US blacklists 11 Chinese companies for mistreatment of Uighurs

Blacklisted firms cannot buy components from US companies sans approval of US govt

US China Xinjiang Sanctions [File] Neighborhood residents chat near the entrance to an OFILM factory in Nanchang in eastern China's Jiangxi province. The company is one of 11 that the US government has imposed trade sanctions on and says are implicated in human rights abuses in China's Muslim northwestern region of Xinjiang | AP

The US on July 11 imposed sanctions on high-ranking Chinese officials for mistreatment of Uighur Muslims and thus violating human rights. The US Commerce Department on Monday blacklisted 11 Chinese companies for treatment of the Uighurs in Xinjiang by the government.

The companies added to the blacklist include Nanchang O-Film Tech, a supplier for Apple's iPhone, which hosted Apple chief executive Tim Cook in December 2017, according to O-Film's website. It is also a supplier to Amazon.com and Microsoft, according to an April congressional letter. Other companies in the list include KTK Group, which produces more than 2,000 products used to build high-speed trains, from electronics to seats; and Tanyuan Technology, which assembles high thermal conductive graphite reinforced aluminium composites.

Also on the blacklist is Hetian Haolin Hair Accessories, whose products the US Customs and Border Protection halted from May 1 onwards, citing use of forced labour. Senator Marco Rubio said the list also includes two subsidiaries of Beijing Genomics Institute, a genomics company with ties to the Chinese government. Rubio further said, the blacklist will ensure “that the US technology does not aid the Chinese Communist Party's crimes against humanity and egregious human rights abuses against Uyghurs and other minorities in Xinjiang, including the forced collection of DNA”.

As per the department, these companies were using forced labour by Uighurs and other Muslim minority groups. They include numerous textile companies and two firms that are said to be conducting genetic analyses used to further the repression of Uighurs and other Muslim minorities, a Reuters report read.

Blacklisted firms cannot buy components from US companies without the approval of the US government.

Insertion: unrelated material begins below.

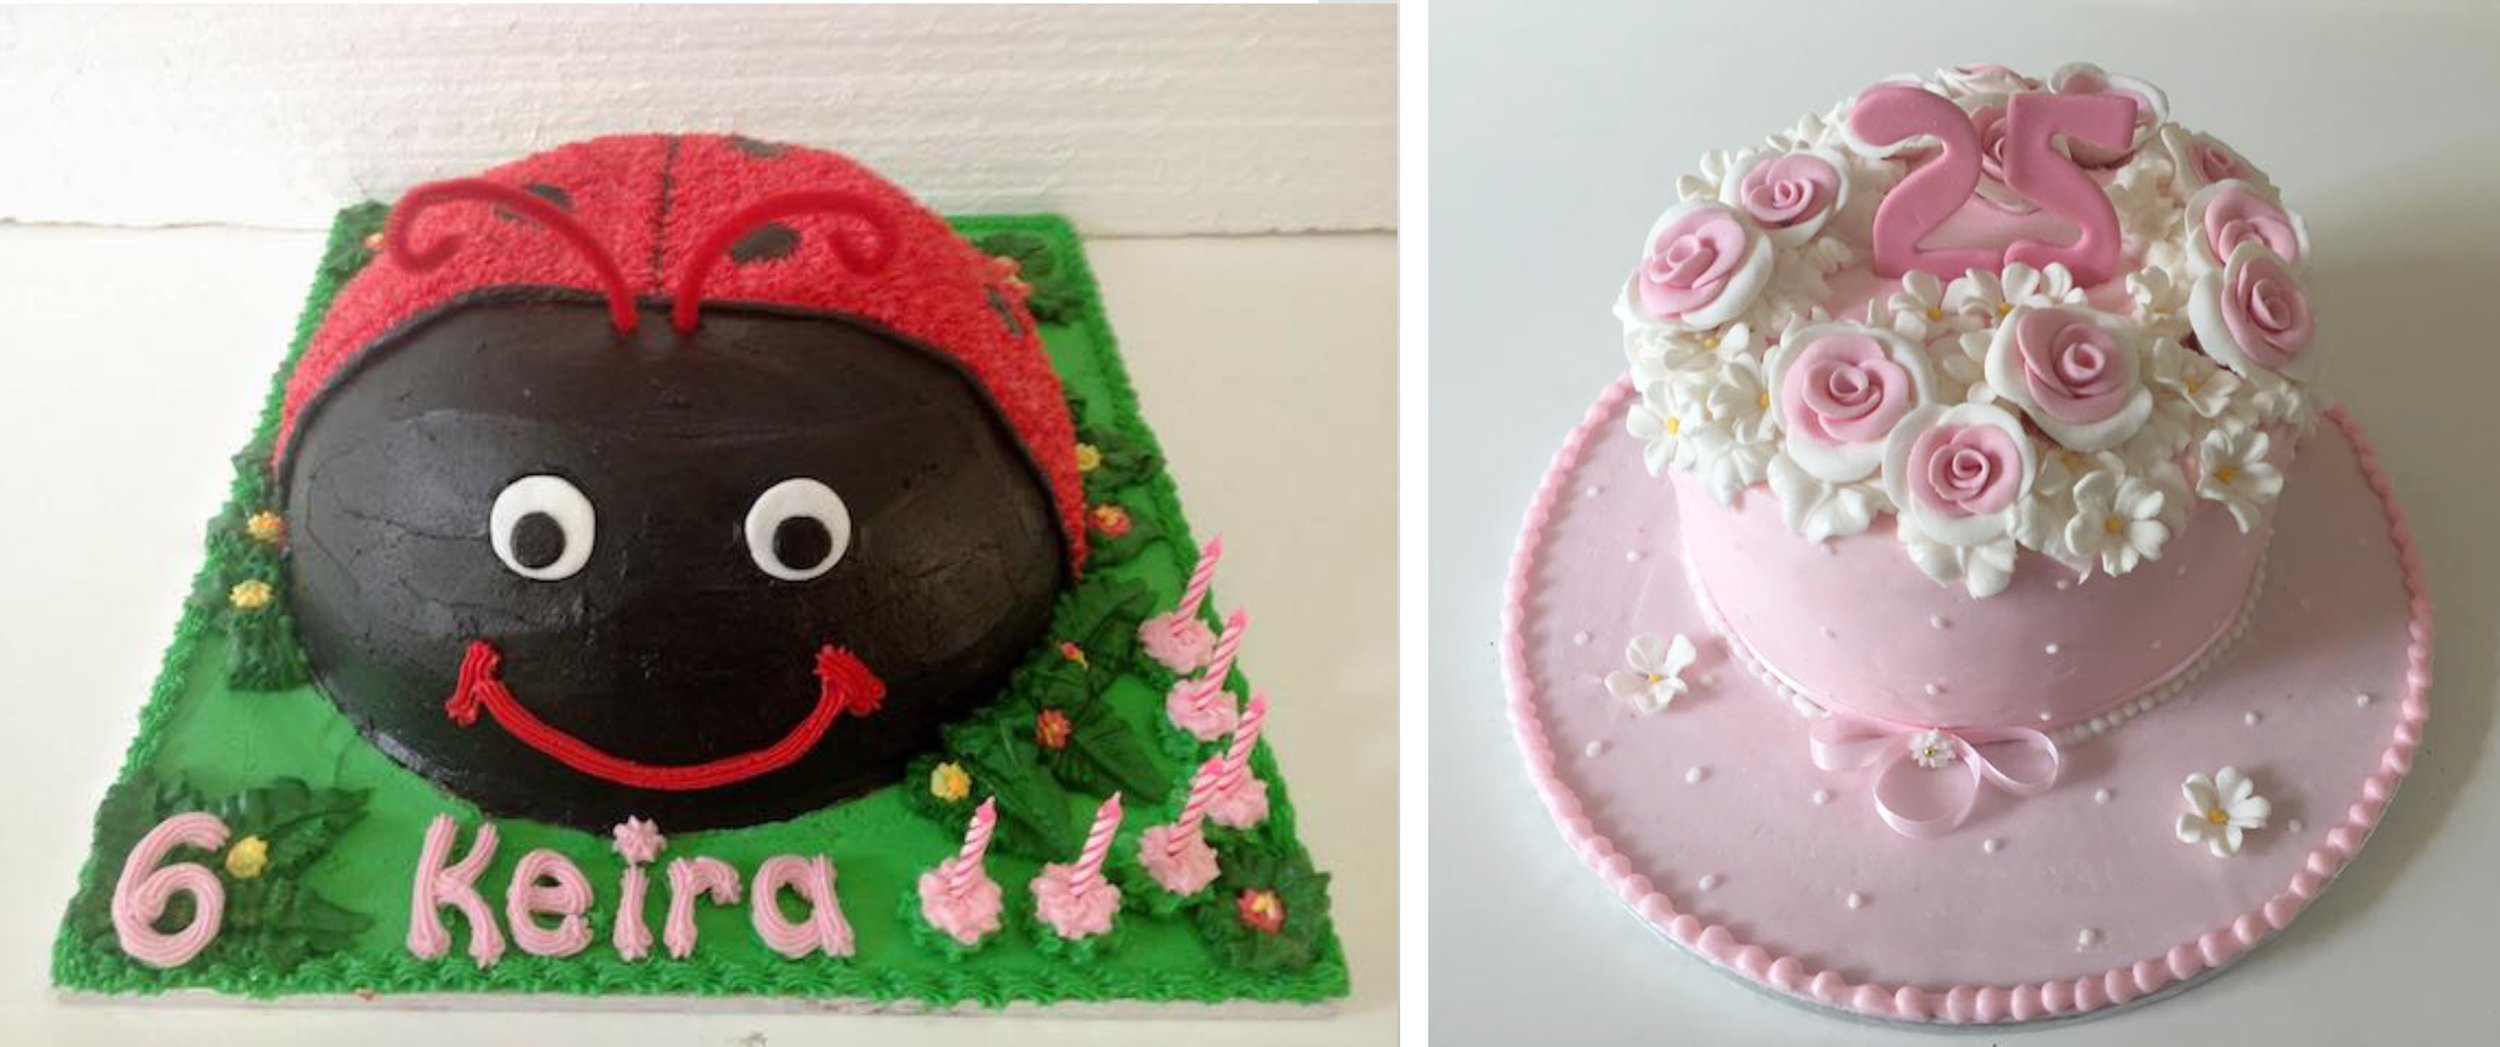 Cakes Anamorphic Birthday 3.jpg

Relations between the US and China have been tense ever since both nations have been involved in a trade war in 2018. This escalated when the coronavirus pandemic broke out in December of 2019. President Trump, along with leaders of other western nations have accused China over a lack of transparency about the origins of the virus. Washington had been pushing for the US government to take a strong stance against China in this regard

The passage of a security law on Hong Kong that undermines its special status has also embittered the attitude of US citizens against China, as per polls. 

 The Chinese Embassy in Washington declined to comment on the move of blacklisting these companies. The two nations are also in a standoff over China’s military standoff with India and China’s attempt to claim an area in the South China Sea.

The US, earlier this month had deployed two warships to conduct military exercises to promote a “free and open Indo-Pacific.” China asked the US to stay out of the matter as it wasn’t a country directly involved in the disputes. 

In May the Chinese foreign ministry said, the United States “overstretched the concept of national security, abused export control measures, violated the basic norms governing international relations, interfered in China's internal affairs”.